Directions for this task → In the copy of the lines below, leave out pictures and print everything else exactly.

Collected material →

===

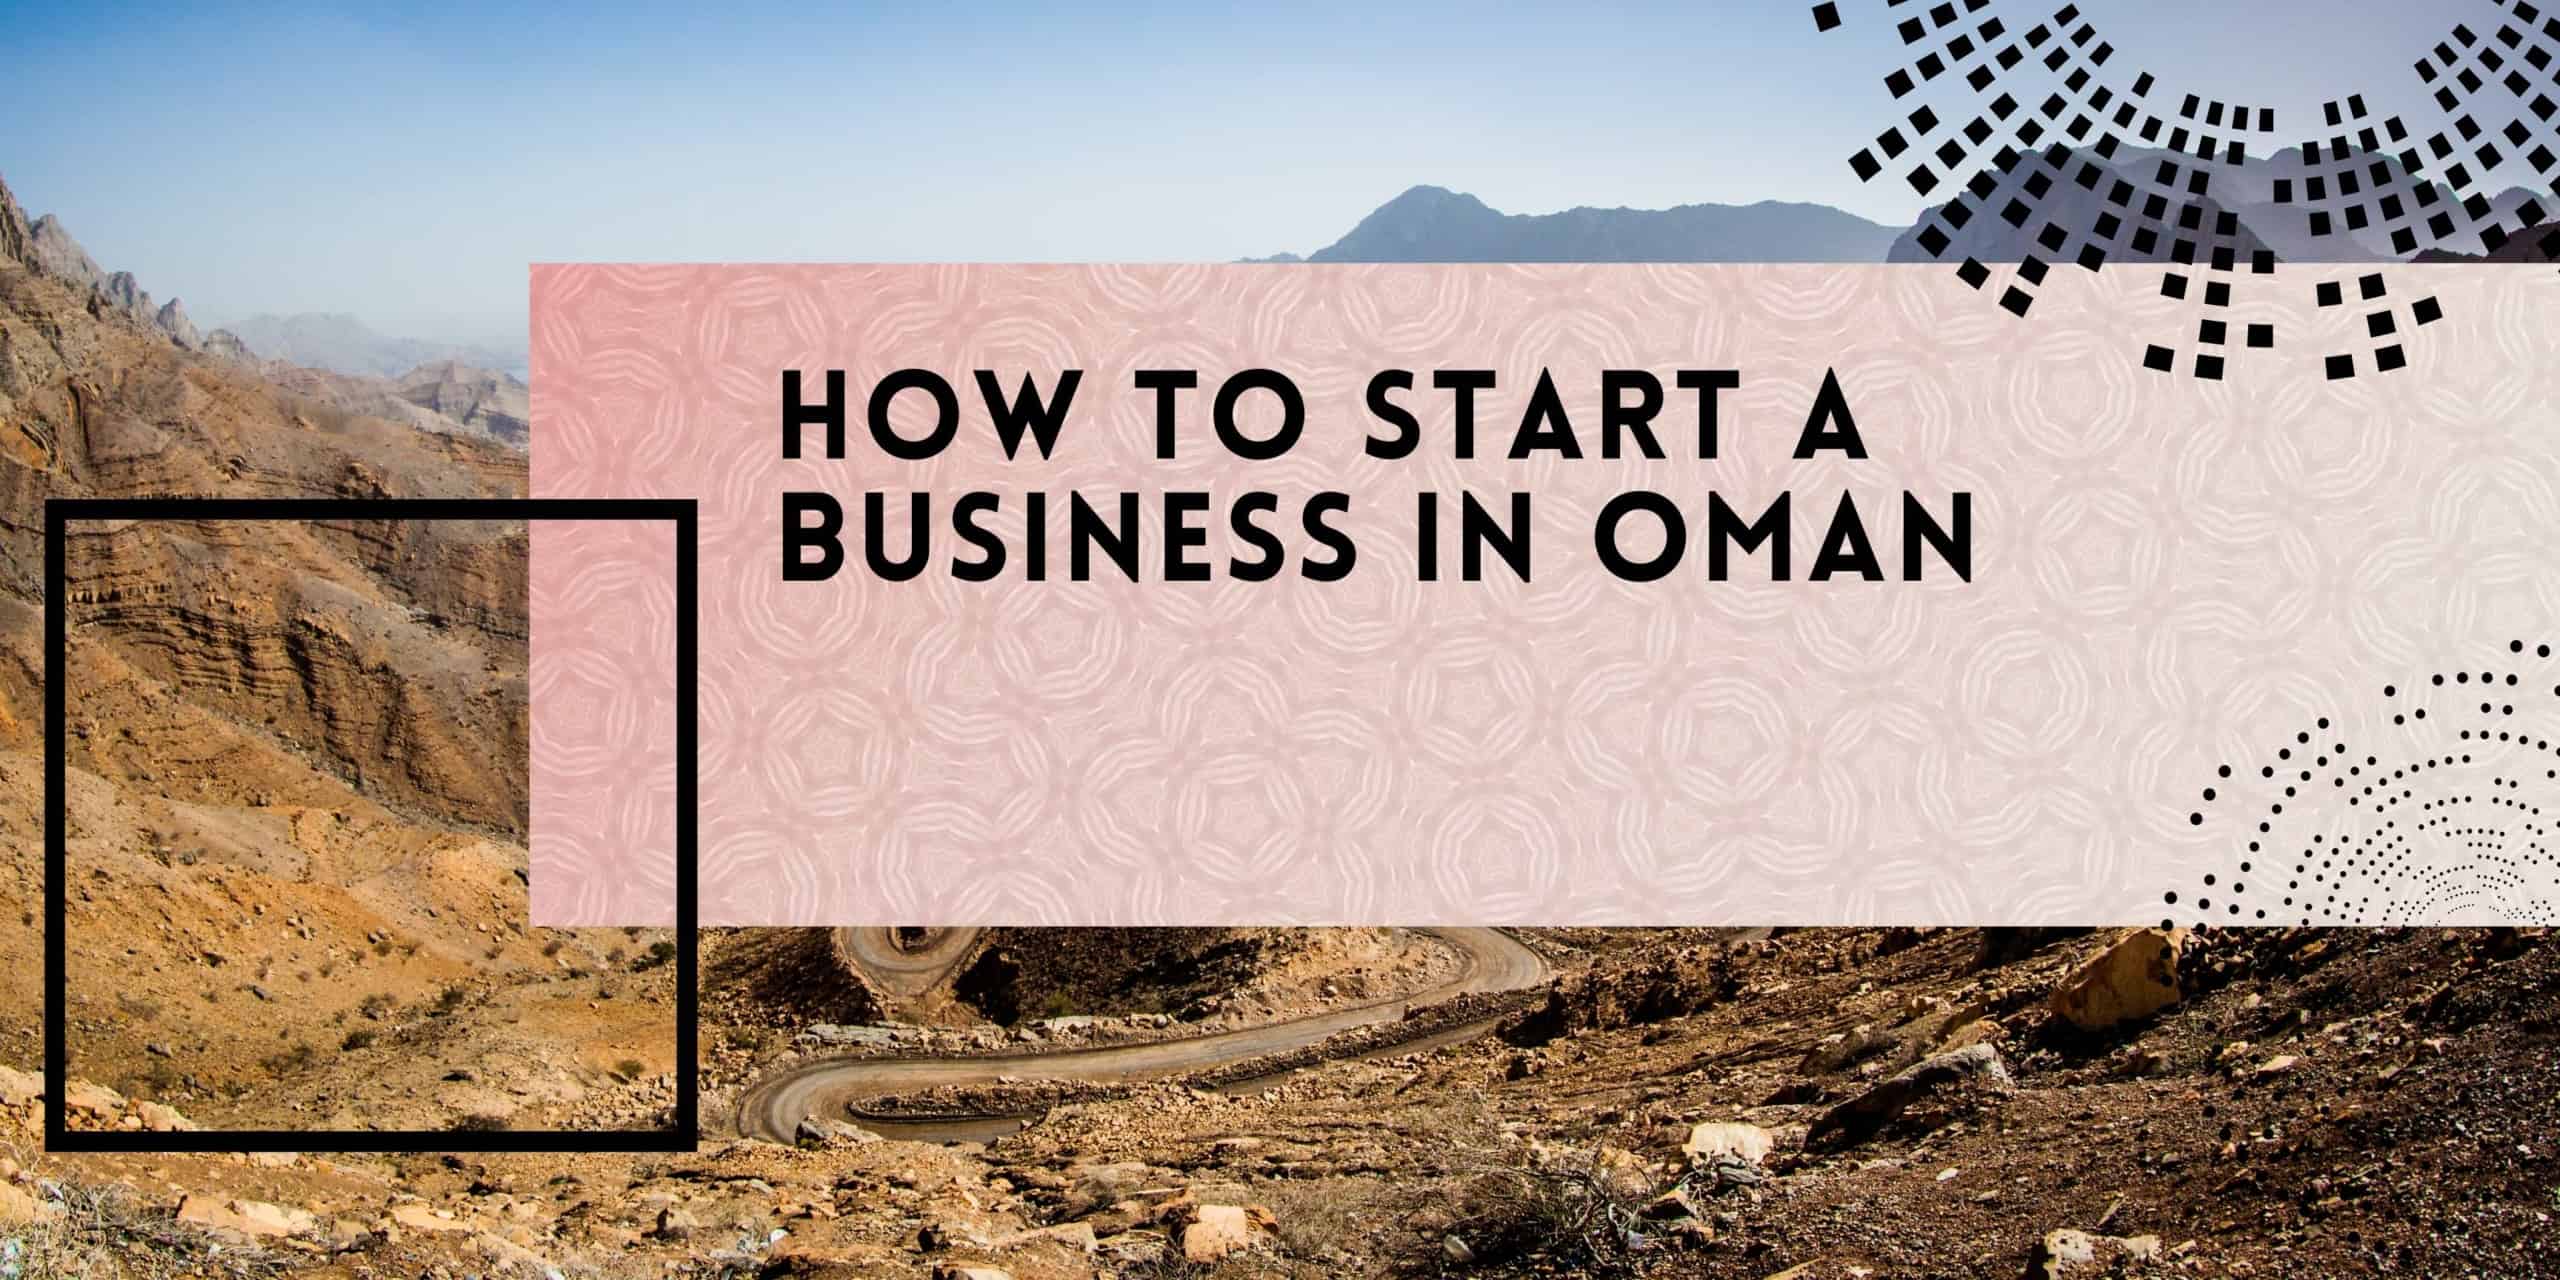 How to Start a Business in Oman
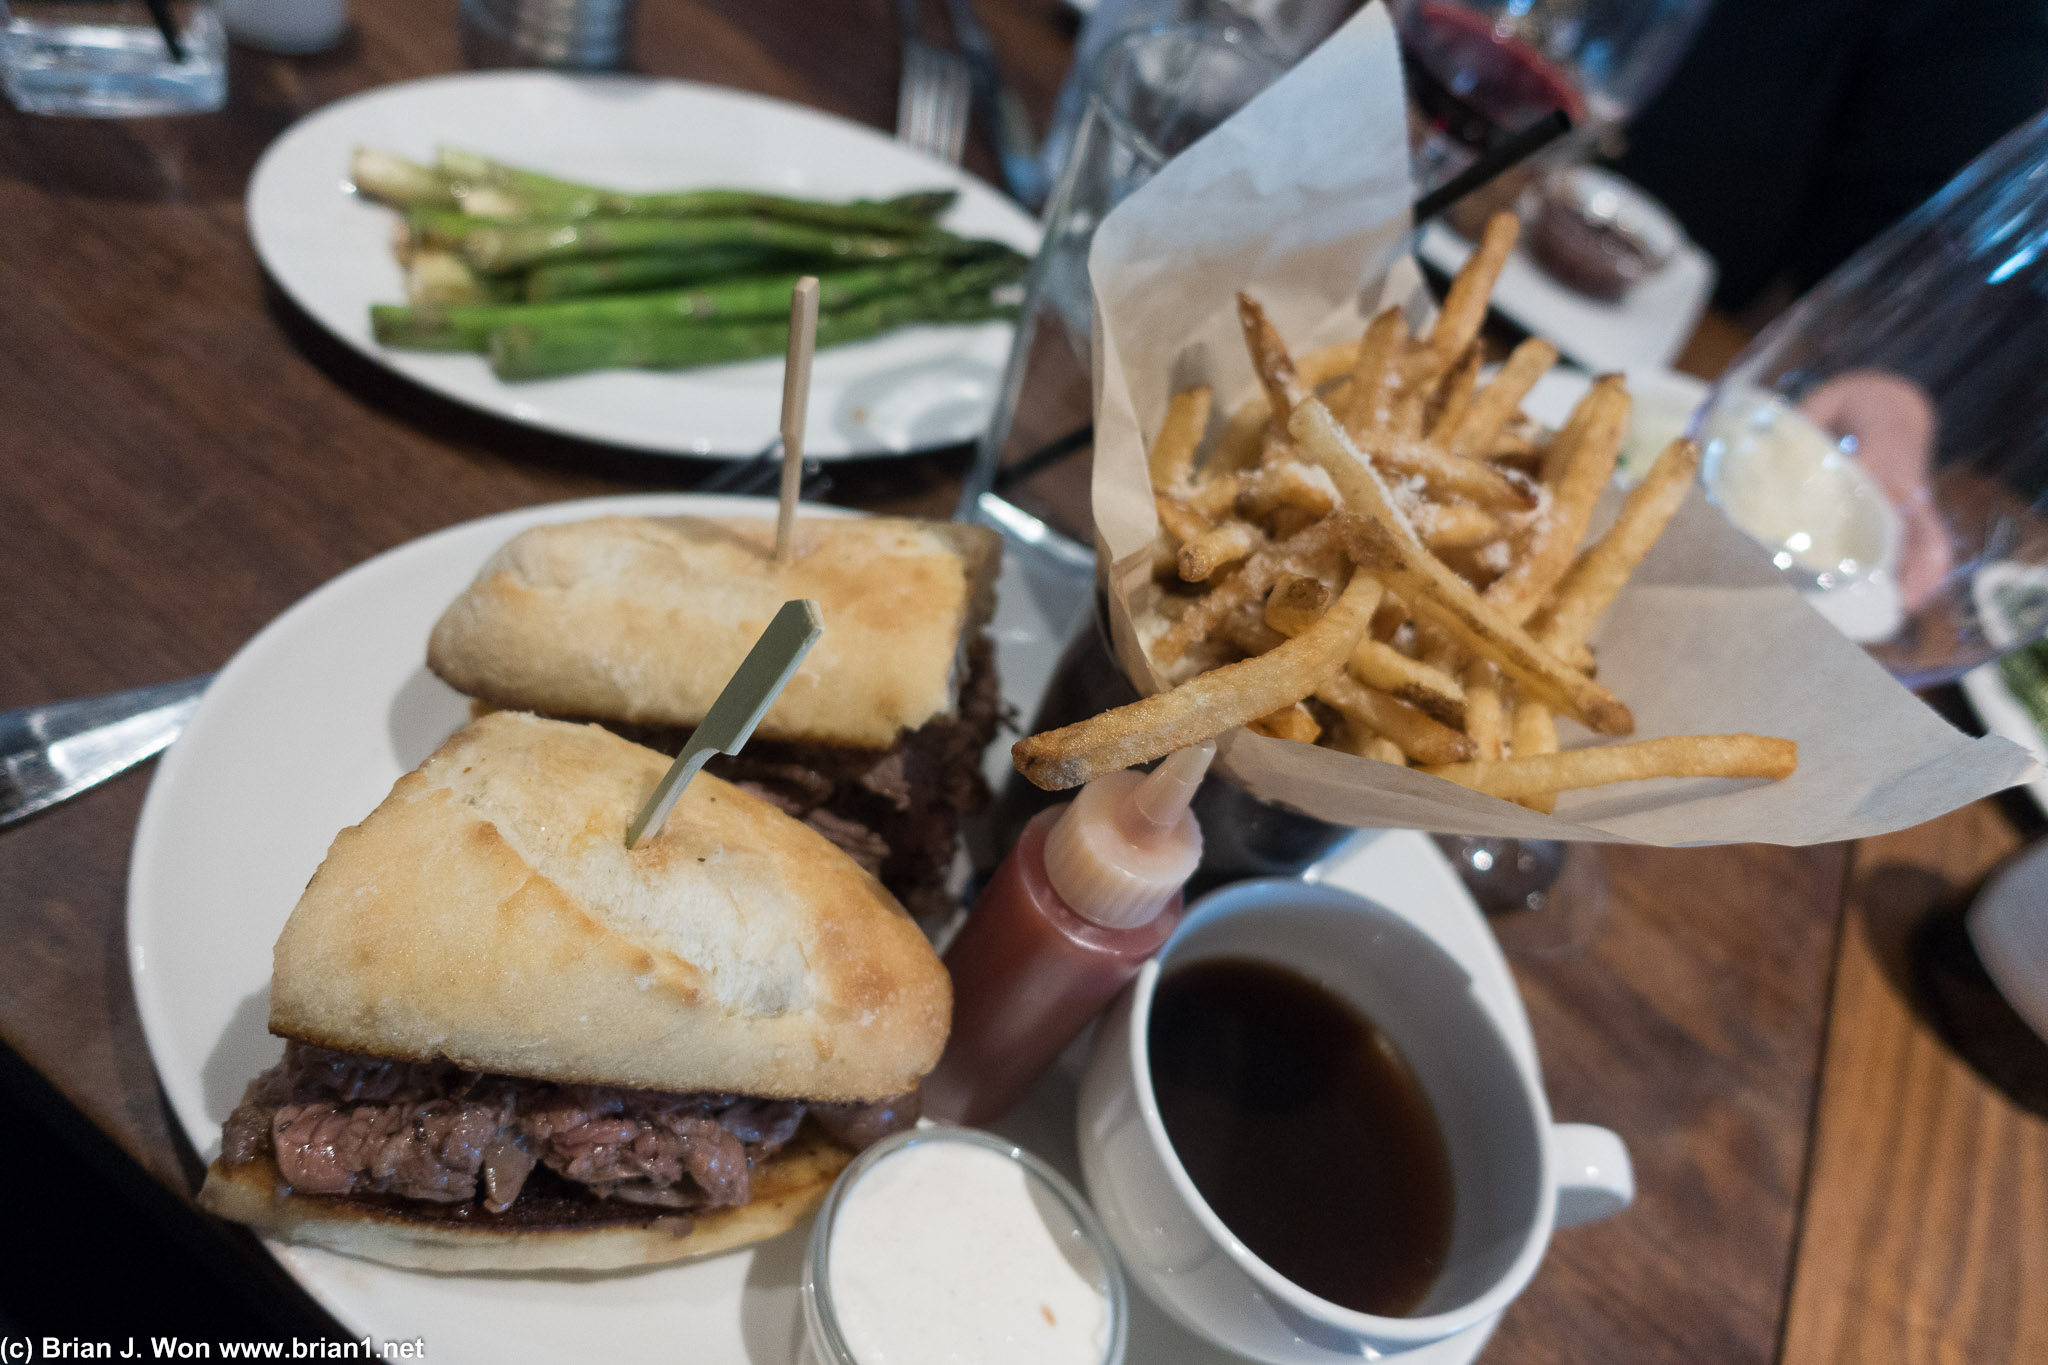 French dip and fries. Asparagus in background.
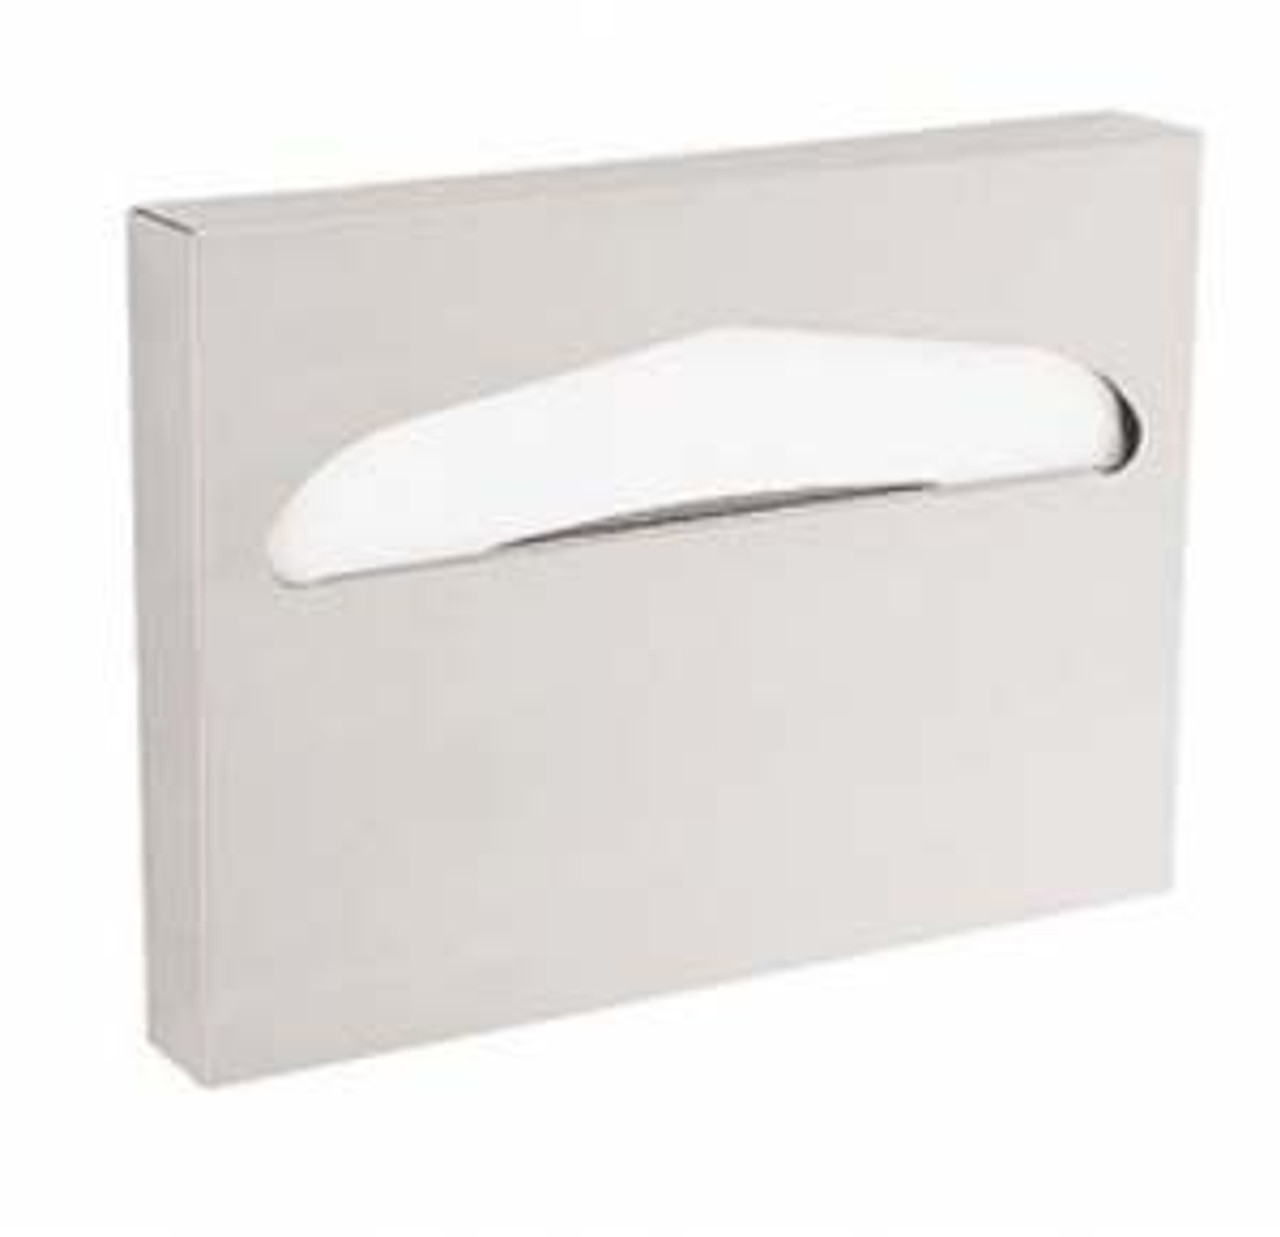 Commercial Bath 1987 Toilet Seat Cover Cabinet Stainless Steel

===

Problem solution →
 How to Start a Business in Oman
 French dip and fries. Asparagus in background.
 Commercial Bath 1987 Toilet Seat Cover Cabinet Stainless Steel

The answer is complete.